(RECORDS FOR THIS TASK begins)
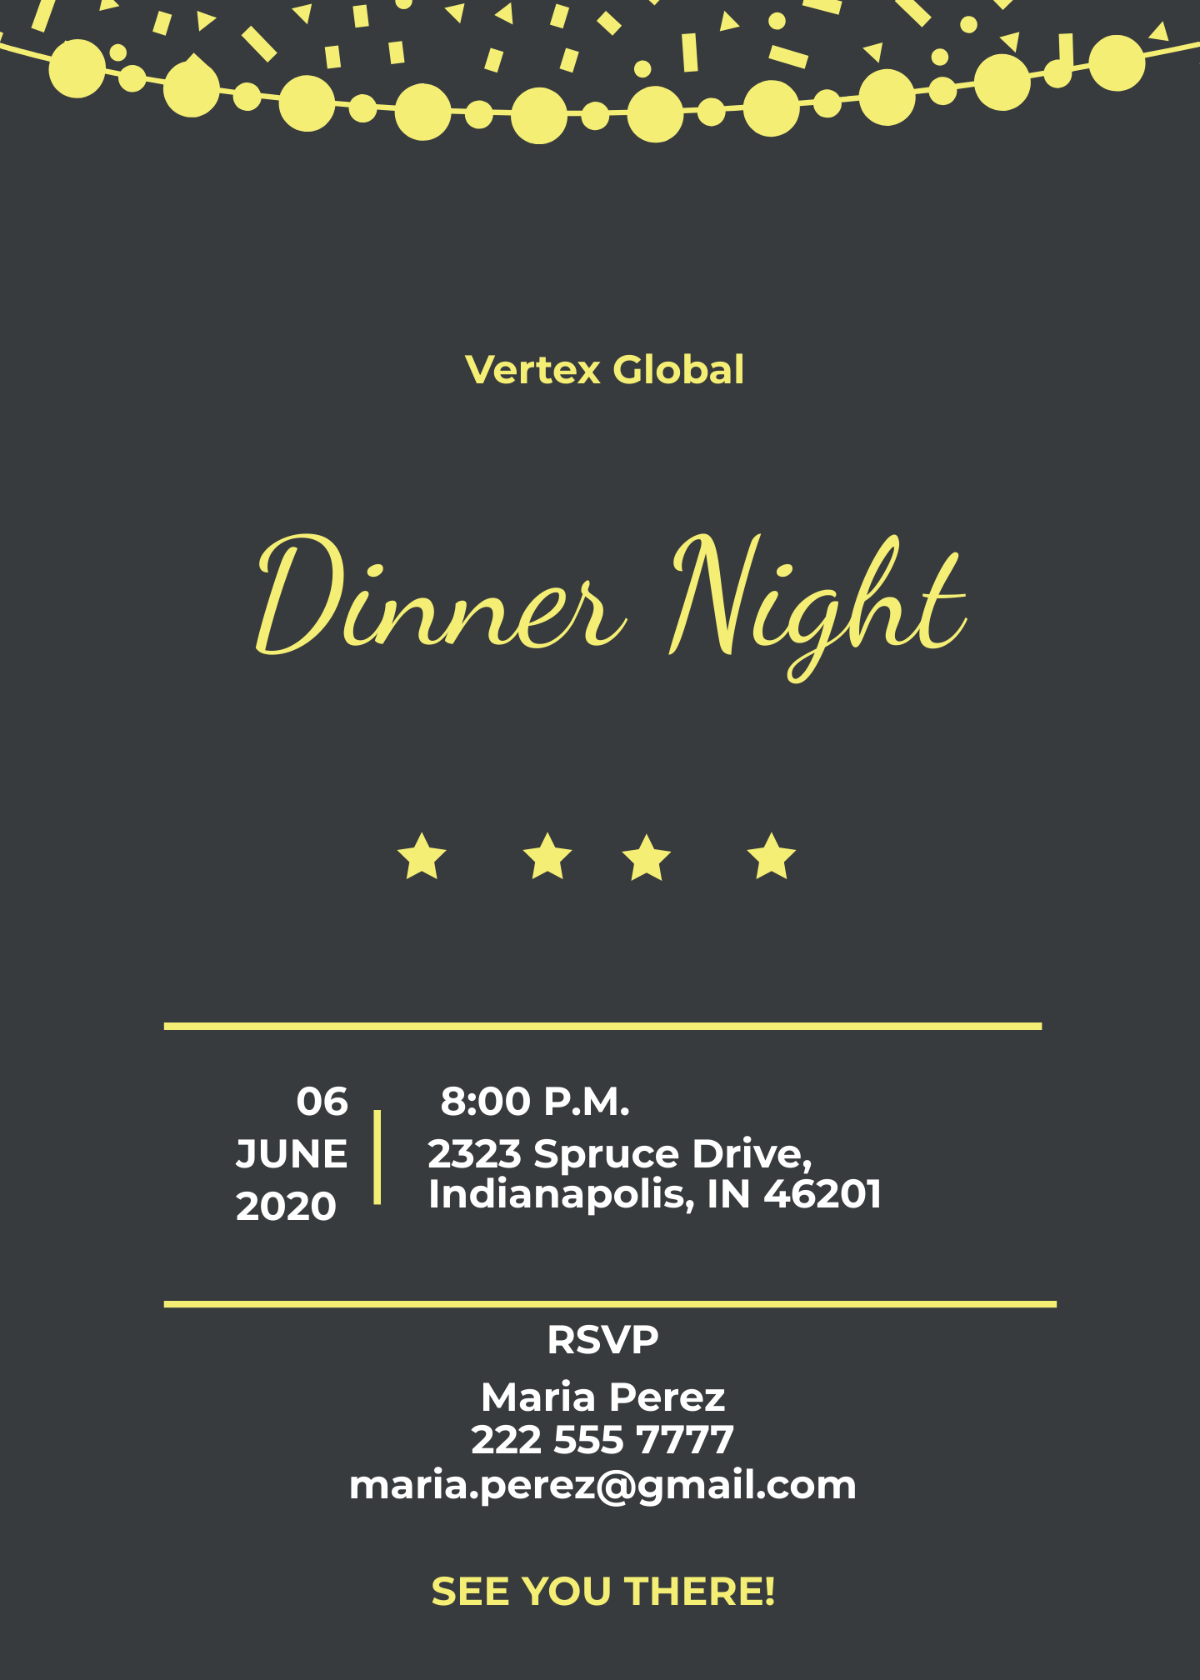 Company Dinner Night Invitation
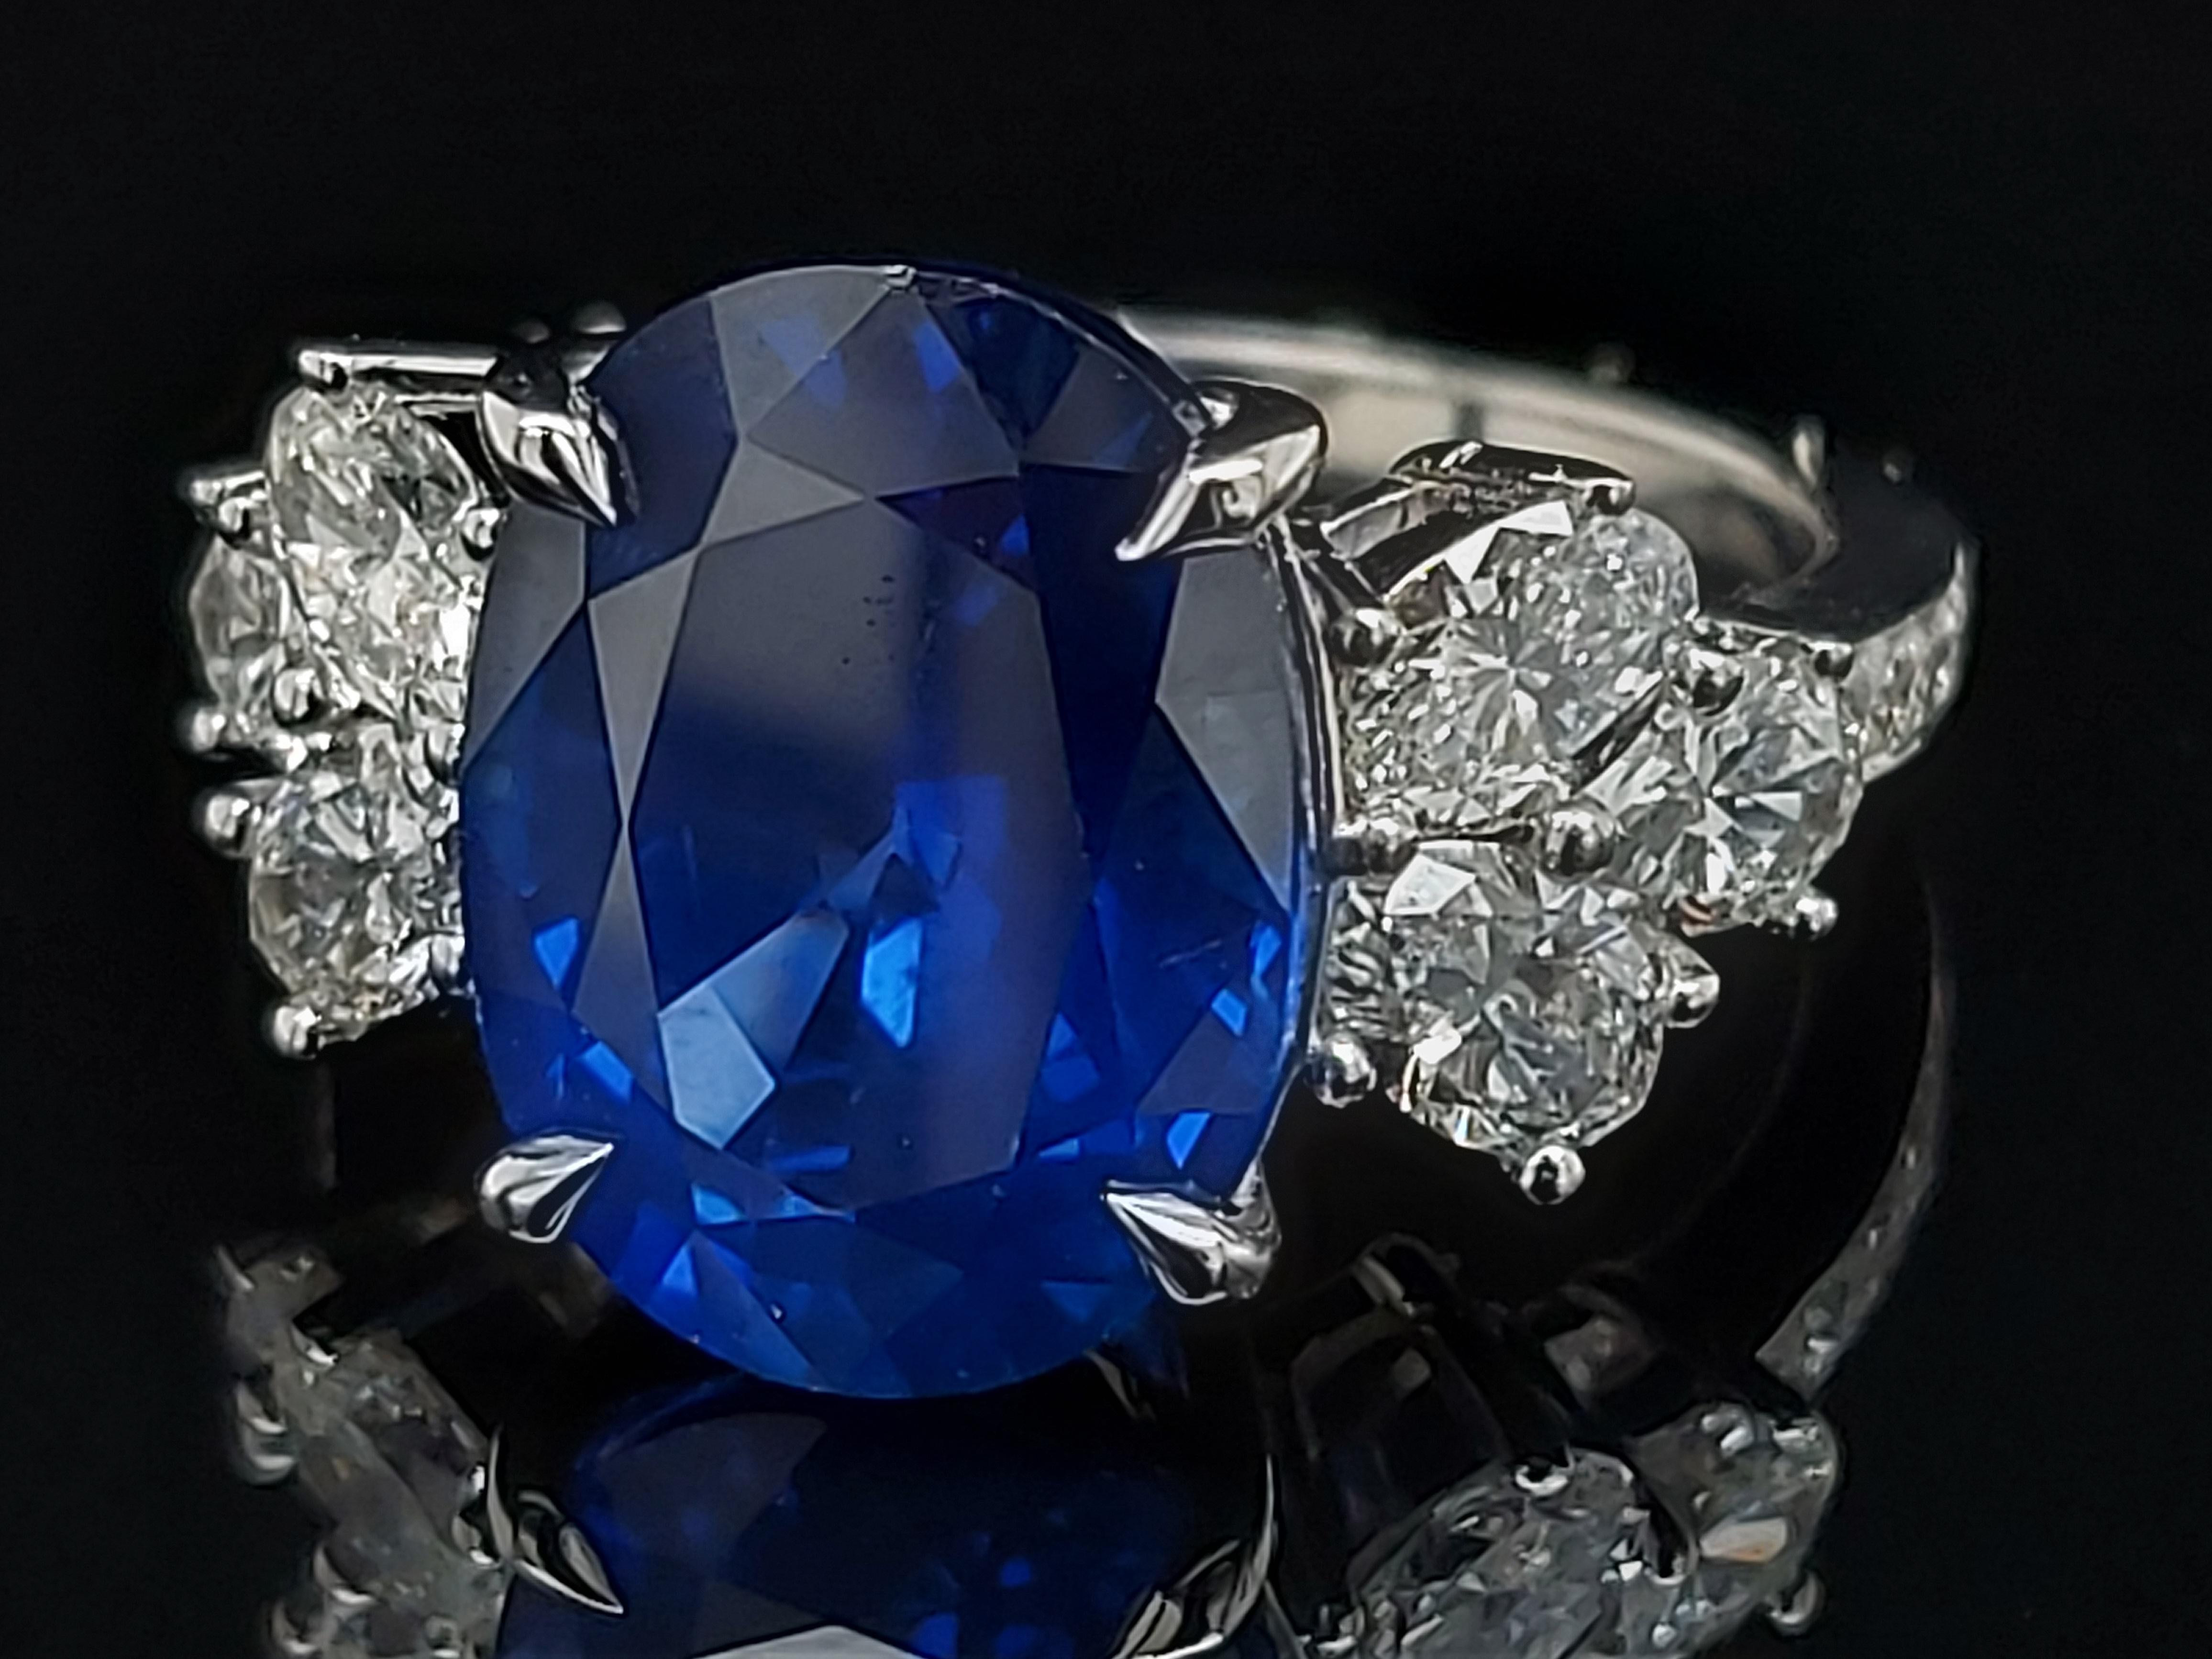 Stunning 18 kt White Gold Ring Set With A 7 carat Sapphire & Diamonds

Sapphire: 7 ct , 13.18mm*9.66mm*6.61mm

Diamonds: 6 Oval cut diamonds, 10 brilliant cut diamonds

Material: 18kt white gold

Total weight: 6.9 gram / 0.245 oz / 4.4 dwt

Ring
(RECORDS FOR THIS TASK ends)
The entries must be repeated exactly. Leave the images out.

__TASK RESULT__.
 Company Dinner Night Invitation
 Stunning 18 kt White Gold Ring Set With A 7 carat Sapphire & Diamonds

Sapphire: 7 ct , 13.18mm*9.66mm*6.61mm

Diamonds: 6 Oval cut diamonds, 10 brilliant cut diamonds

Material: 18kt white gold

Total weight: 6.9 gram / 0.245 oz / 4.4 dwt

Ring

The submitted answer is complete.